I think there's a lot of truth in that. None of the examples presented in the article look better than had they been written in some existing scripting/programming language. In fact, had they been written in Python or Javascript, it would have been far more obvious what the resulting output would have been, considering that those languages already use {} for objects and [] for lists.

For example, take this example:

    jo -p name=JP object=$(jo fruit=Orange point=$(jo x=10 y=20) number=17) sunday=false
In Python you would write it like this:

    json.dumps({"name": "JP", "object": {"fruit": "Orange", "point": {"x": 10, "y": 20}, "number": 17}, "sunday": False})
Only a bit more code, but at least it won't suffer from the Norway problem. Even though Python isn't the fastest language out there, it's likely still faster than the shell command above. There is no need to construct a fork bomb just to generate some JSON.
14 comments

> Even though Python isn't the fastest language out there, it's likely still faster than the shell command above.

Taking these two command lines:

   jo -p name=JP object=$(jo fruit=Orange point=$(jo x=10 y=20) number=17) sunday=false >/dev/null

   python -c 'import json;print(json.dumps({"name": "JP", "object": {"fruit": "Orange", "point": {"x": 10, "y": 20}, "number": 17}, "sunday": False}))' >/dev/null
For jo (x86_64, Rosetta2), python2 (x86_64, Rosetta2), jo (arm64), and python3 (arm64), running 1000 iterations, with `tai64n` doing the timing.

    2022-02-05 21:25:38.357228500 start-jo-x86
    2022-02-05 21:25:45.319337500 stop-jo
    2022-02-05 21:25:45.319338500 start-python2-x86
    2022-02-05 21:26:18.876235500 stop-python2-x86
    2022-02-05 21:26:18.876235500 start-jo-arm
    2022-02-05 21:26:22.316063500 stop-jo-arm
    2022-02-05 21:26:22.316064500 start-python3-arm
    2022-02-05 21:26:40.379063500 stop-python3-arm
I make it: 7s for jo-x86, 33.5s for python2-x86, 3.5s for jo-arm, 18s for python3-arm.

Test script is at https://pastebin.com/4tTVrDia

python3 is (relatively) slow to startup, and this is something that got significantly worse with 2->3 migration:

  $ time python3 -c ''
  real    0m0.029s

  $ time python2 -c ''
  real    0m0.010s

  $ time bash -c ''
  real    0m0.001s
Which means - you probably don't want to have python scripts on a busy webserver, being called from classic cgi-bin (do people still use those?), or run it as -exec argument to a "find" iterating over many thousands files. Maybe a couple more of such examples. For most use-cases though, that's still fast enough.
I get 14,823s for python3 and 4,667s for jo on my system.
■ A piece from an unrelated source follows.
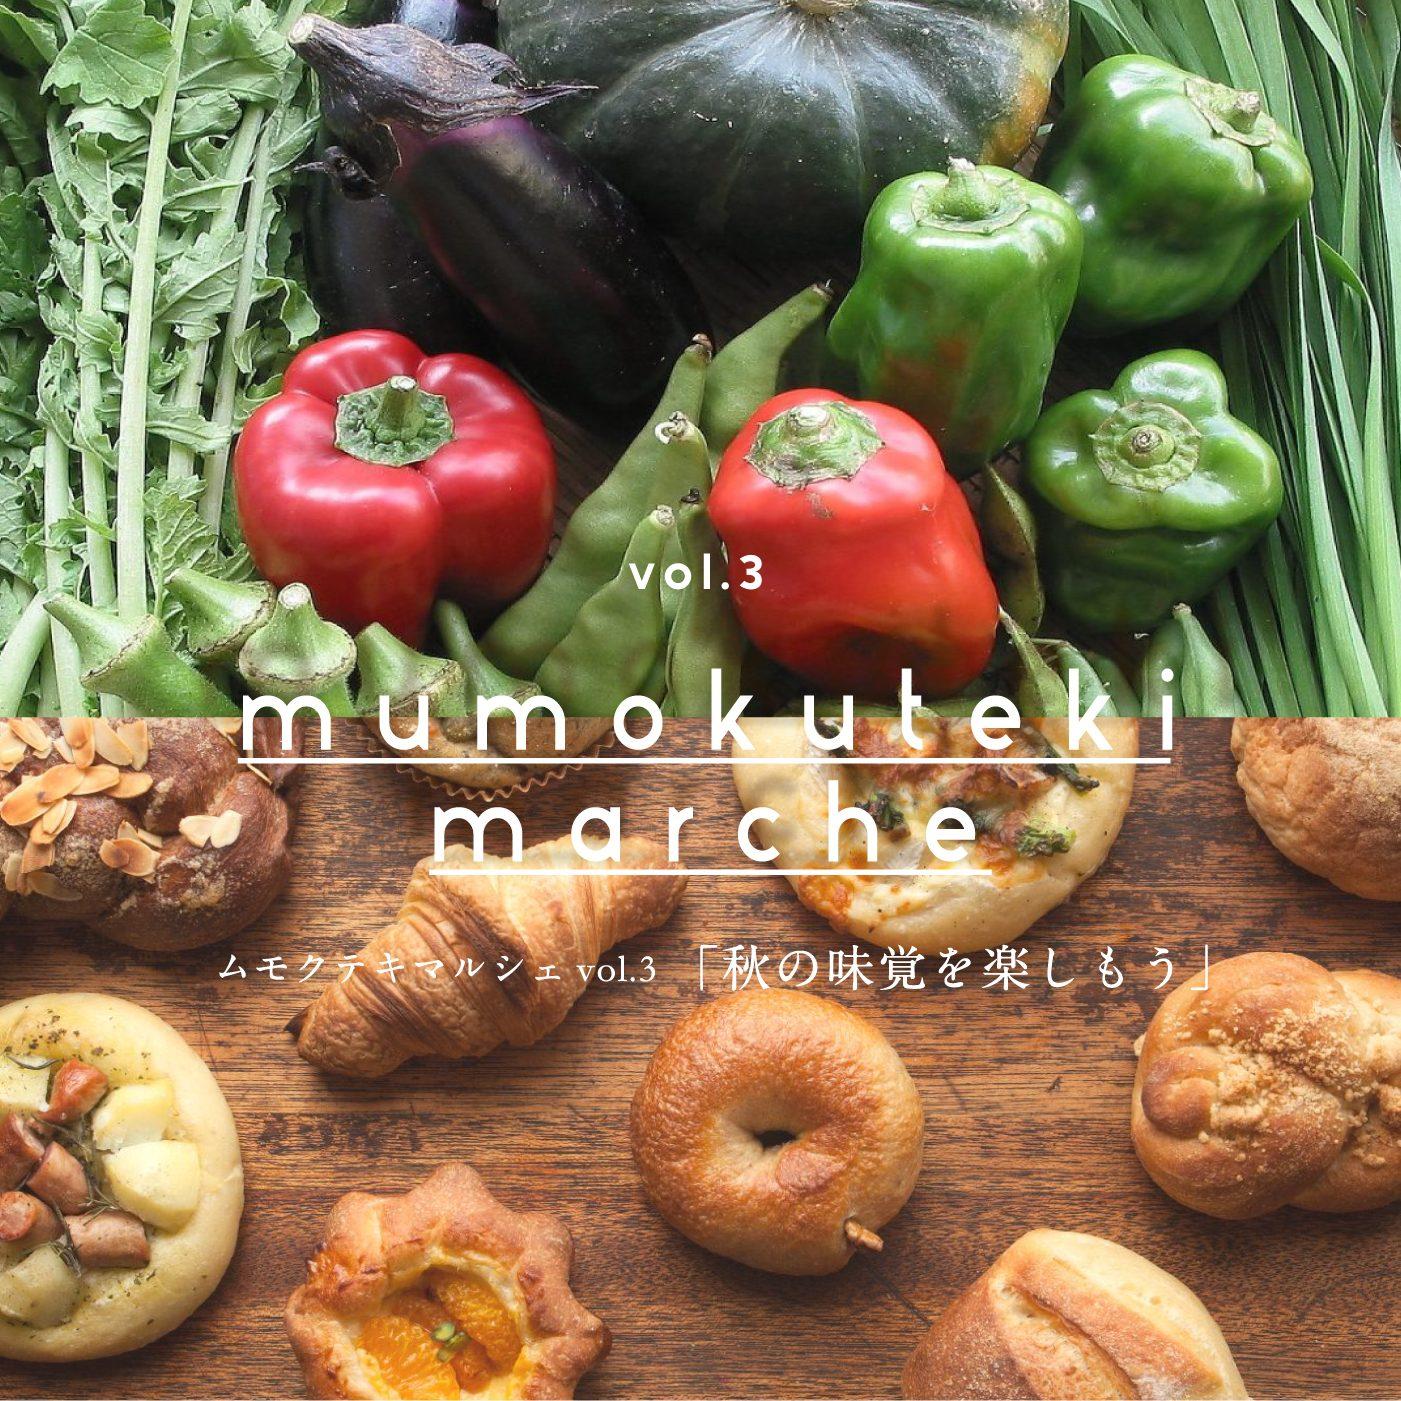 9月16日(土)ムモクテキ マルシェ vol.3「秋の味覚を楽しもう」@mumokuteki 3階ホール

I also wrote my own tool, xidel [1]:

    time for i in $(seq 1 $count); do xidel -se '{"name": "JP", "object": {"fruit": "Orange", "point": {"x": 10, "y": 20}, "number": 17}, "sunday": false()}' > /dev/null; done     

    
which gives me 1,575s

But if you actually want to repeat something a thousand times, you would use a loop in the query for 0,017s:

    time xidel -se 'for $i in 1 to 1000 return {"name": "JP", "object": {"fruit": "Orange", "point": {"x": 10, "y": 20}, "number": 17}, "sunday": false()}'  > /dev/null
  
  
(a python3 loop gives me 0,029s)

[1] https://videlibri.de/xidel.html

what about how long for a human to read it and debug it when it gets beyond trivial?
Fair question. I think jo does tend to get more crufty if you're doing anything reasonably complex with multilevel structures, especially with arrays.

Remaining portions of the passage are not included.